Among the weaknesses that make SMEs attractive to criminals, cited by multiple experts are:

Shannon agrees with the items on that list, but notes that, "those were all true five or 10 years ago."

What is different now, he said, is that SMEs are "much more interconnected" than in the past. Instead of having just a simple website or email account, they are involved in much more complex networks that involve on-premise, mobile and cloud and interactive connections with customers and partners.

The data generated by all that, "is much more valuable to criminals," he said, noting that "losing a few emails in the past was an annoyance, but now it's critical."

Another reason SMEs have become more attractive is that they are viewed as an entry point into a larger, more lucrative, target.

Alex Moss, CTO and managing partner at Conventus, said he thinks many SMEs are more a means to an end than the ultimate target.

"As the B2B digital world continues to become more entwined, large companies are requiring their vendors to interact with internal systems including procurement, logistics, marketing, human resources, payroll, and even into environmental and maintenance," he said. "These relationships and requirements create access into the parent organization -- the ultimate target."

That is also the message from Symantec Security response, which in an email to CSO said, "attackers often use SMBs as stepping stones to gain access to larger corporate networks."
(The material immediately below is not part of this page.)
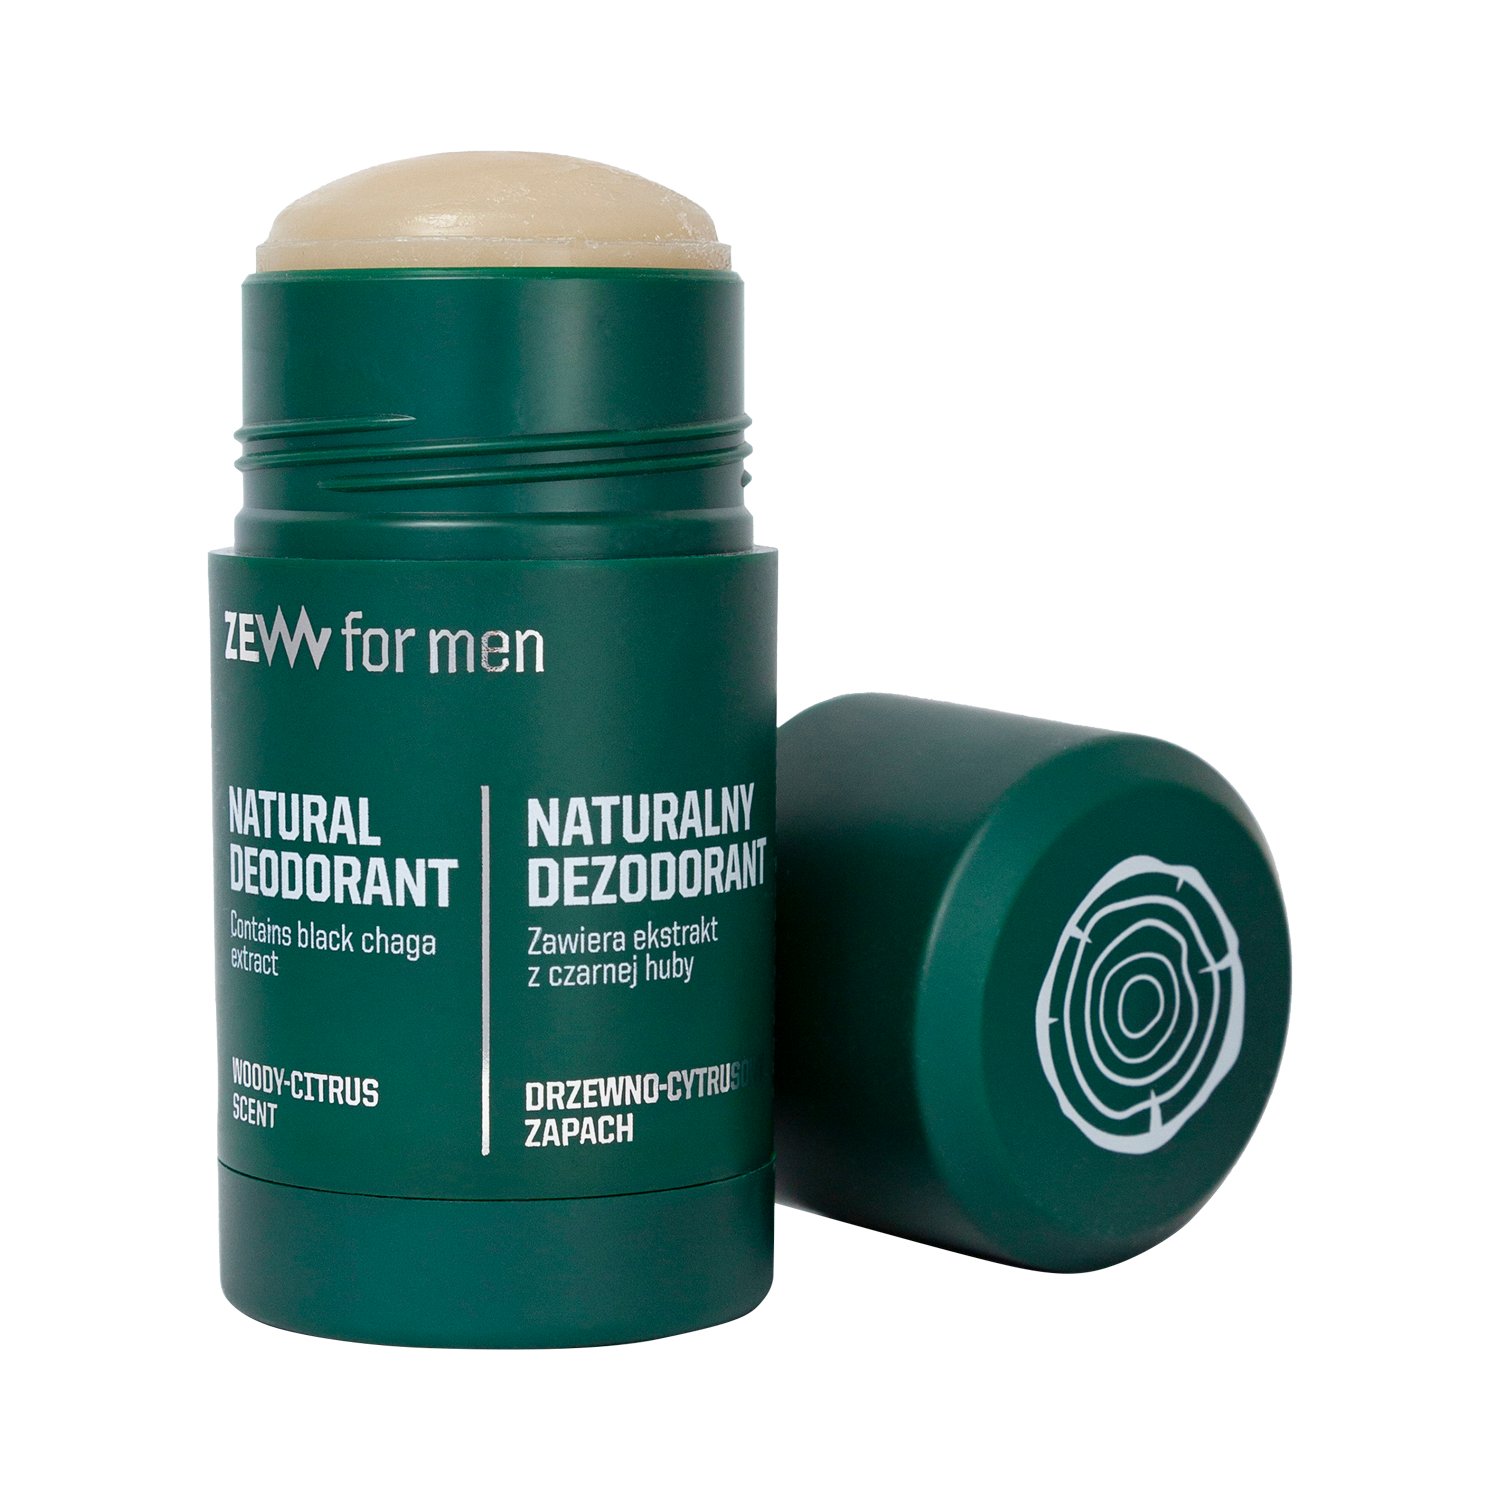 ZEW for men - Natural Deodorant - Deo Stick

PwC's Burg agrees, noting that, "smaller organizations increasingly serve as vendors, contractors, and business partners of bigger firms, and as such may have trusted access to the networks and data of these partners." And when they are cutting spending on security, their vulnerability increases.

"There is a very clear correlation between the amount of money spent and the effectiveness of a company's security program," Burg said.
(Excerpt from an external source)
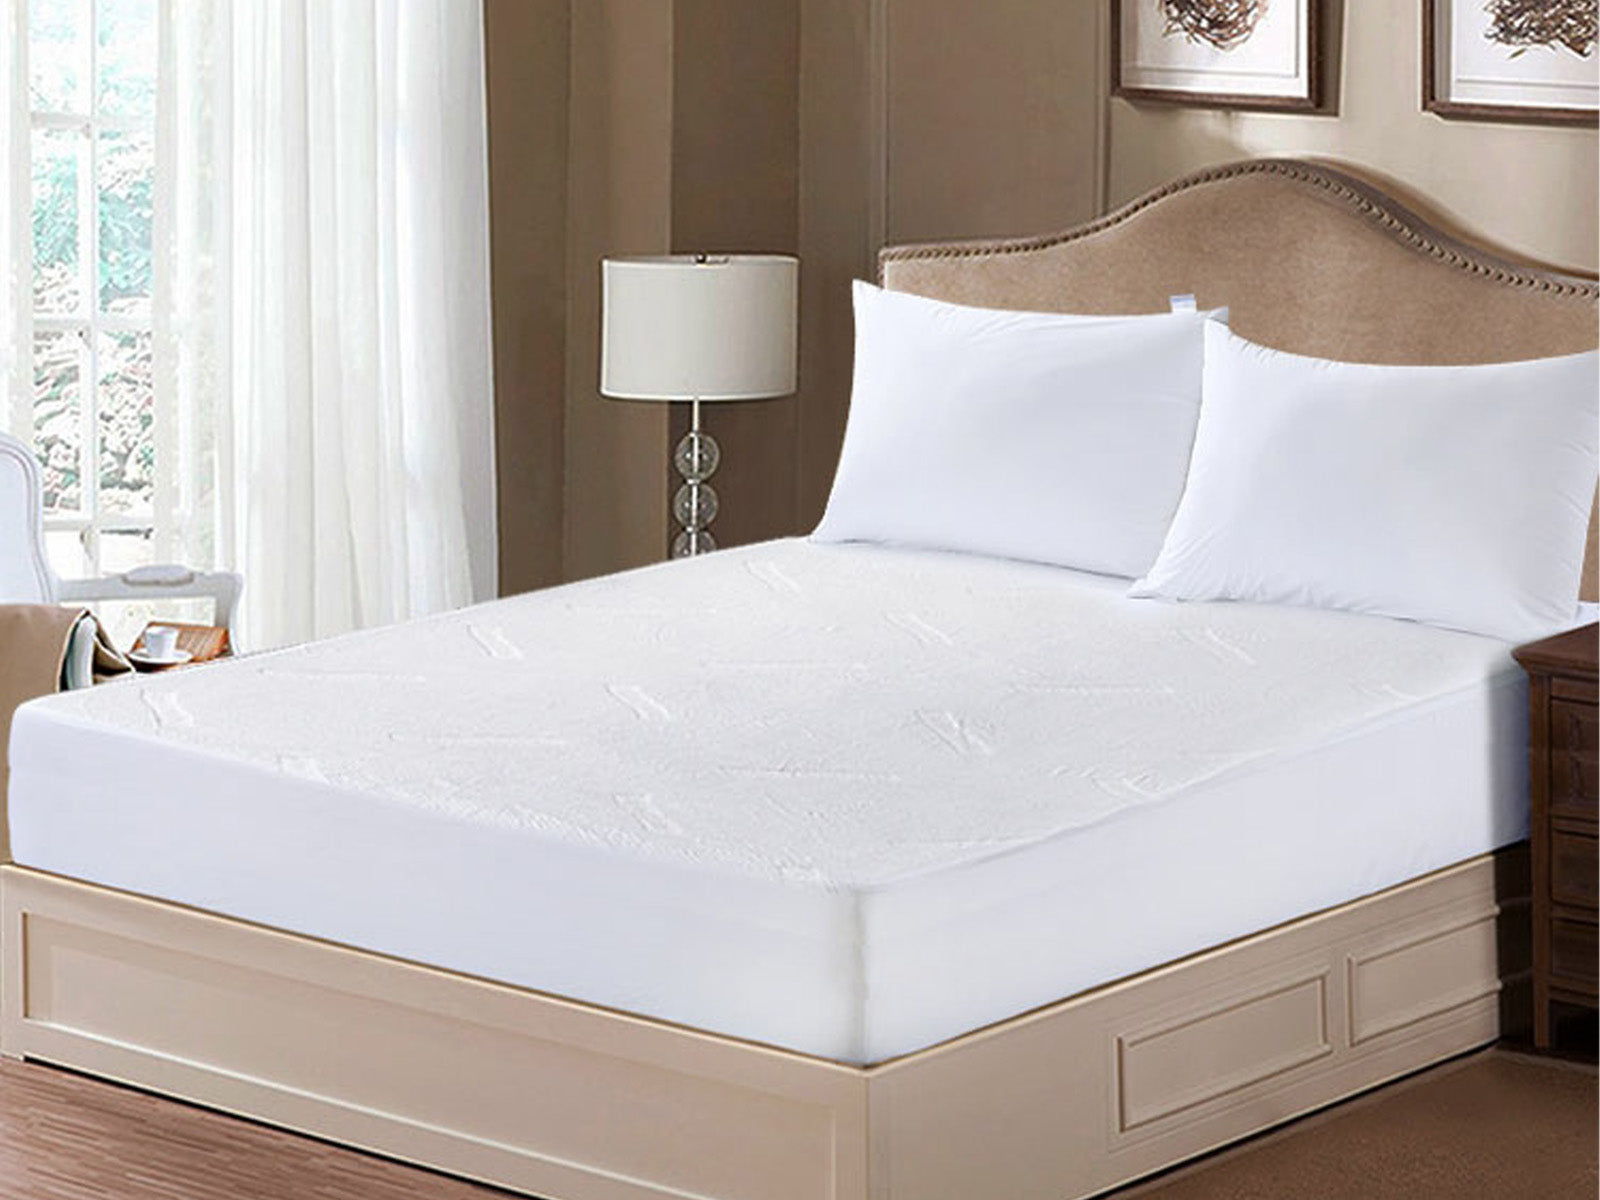 Reaks Protector de colchón impermeable para cama King - Funda de colchón  refrescante con bolsillo profundo ajustado de hasta 18 pulgadas

In spite of those grim realities, experts say there are ways SMEs can improve their security without breaking their budget.

Healey said he thinks things could improve this year, "as more SMEs outsource to the cloud, giving them orders of magnitude better resilience and security."
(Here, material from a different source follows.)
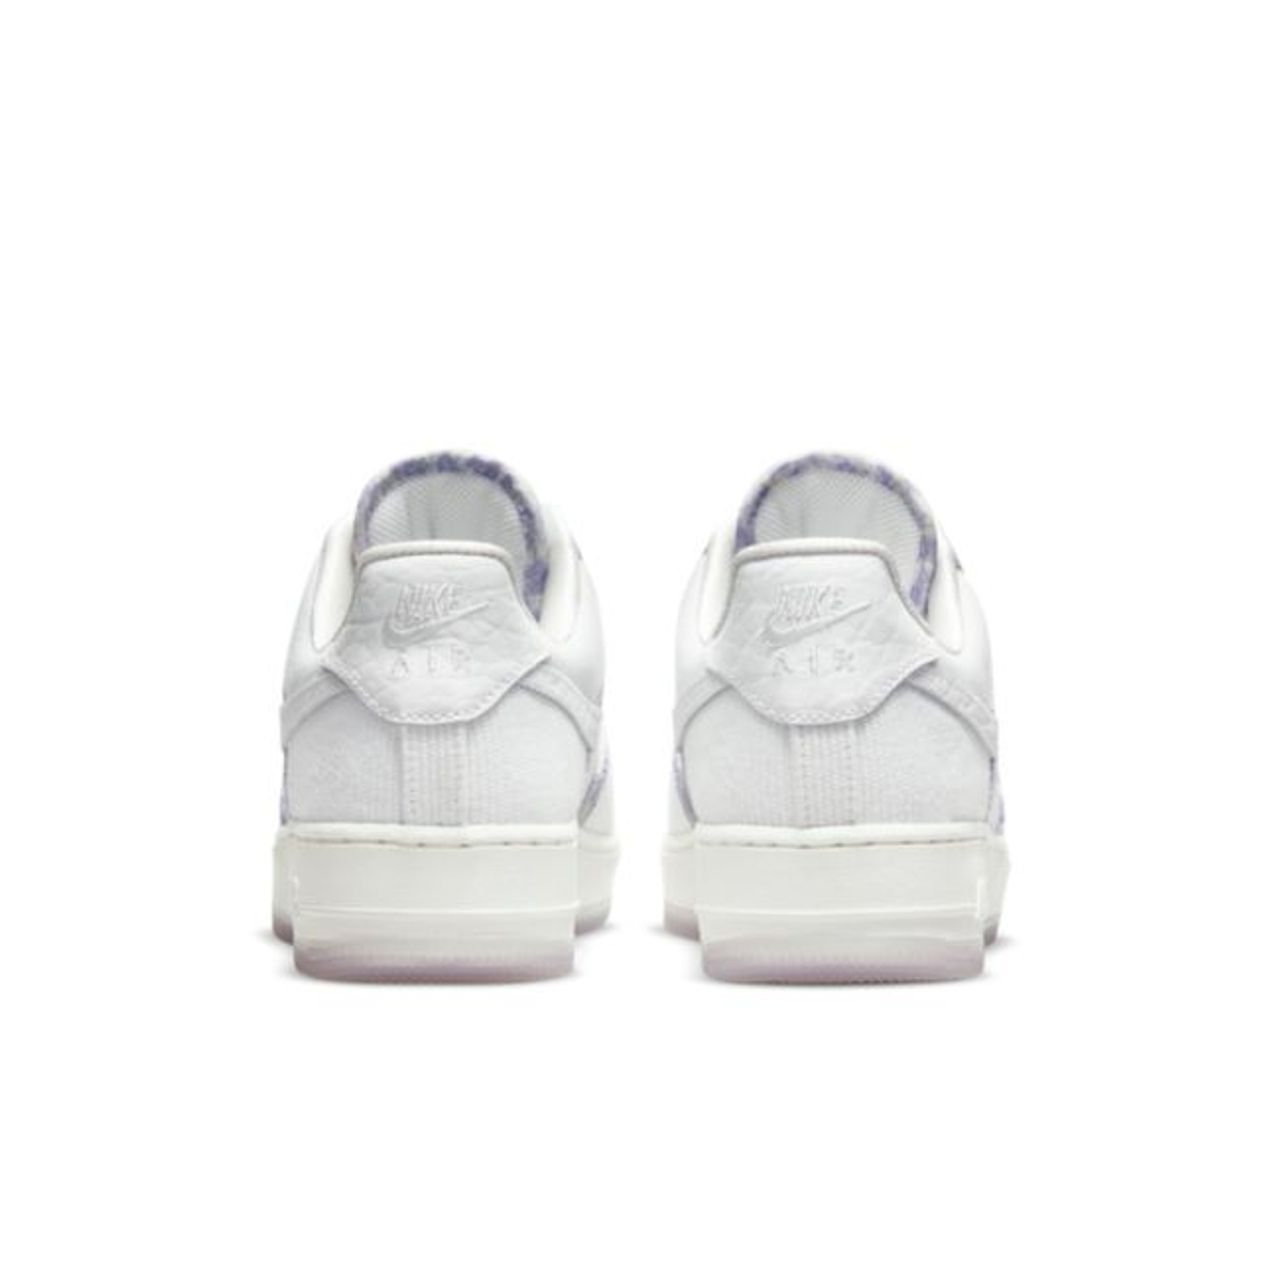 Nike Air Force 1 Low Damenschuh - Weiß

Shannon also recommended moving to the cloud, and said another way to become less vulnerable is to, "diversify a bit -- don't put all your eggs in one basket. Have one system for personnel and one for production. Use different hard drives or different OSs. It will make you more resilient."

Regulators are also paying closer attention to SMEs. In the retail world, the latest version of the Payment Card Industry Data Security Standard (PCI DSS), which took effect Jan. 1, requires more rigorous security standards for third-party vendors or contractors, which have been a weak point for major companies -- illustrated in a high-profile way by the catastrophic Target breach a little more than a year ago.

Throughout the business world, Moss said it is not realistic or fair to require SMEs to have, "the same complex controls and monitors that large enterprises leverage. However, it should be expected that they have basic controls, while the large enterprise is focused on tightly limiting, managing, and monitoring their vendor access," he said.

All this does not mean that large enterprises are no longer major targets. Burg notes that two of last year's high-profile retailer breaches, "yielded more than 50 million payment card records each. You're simply not going to find that level of payoff with smaller companies.

"Big companies also tend to have more high-value intellectual property and trade secrets that may not provide immediate financial gains but may be significantly more valuable in the long run," he said.

Symantec noted that in 2013, "targeted attacks increased by 91 percent and lasted an average of three times longer. Organizations, be they small or large, hold valuable information that will remain attractive for all types of criminals."

And Healey noted that, "it's easier to rob a house than a museum and easier to rob a museum than the Louvre. Yet heists will still target the Louvre because that is where the real treasure lies."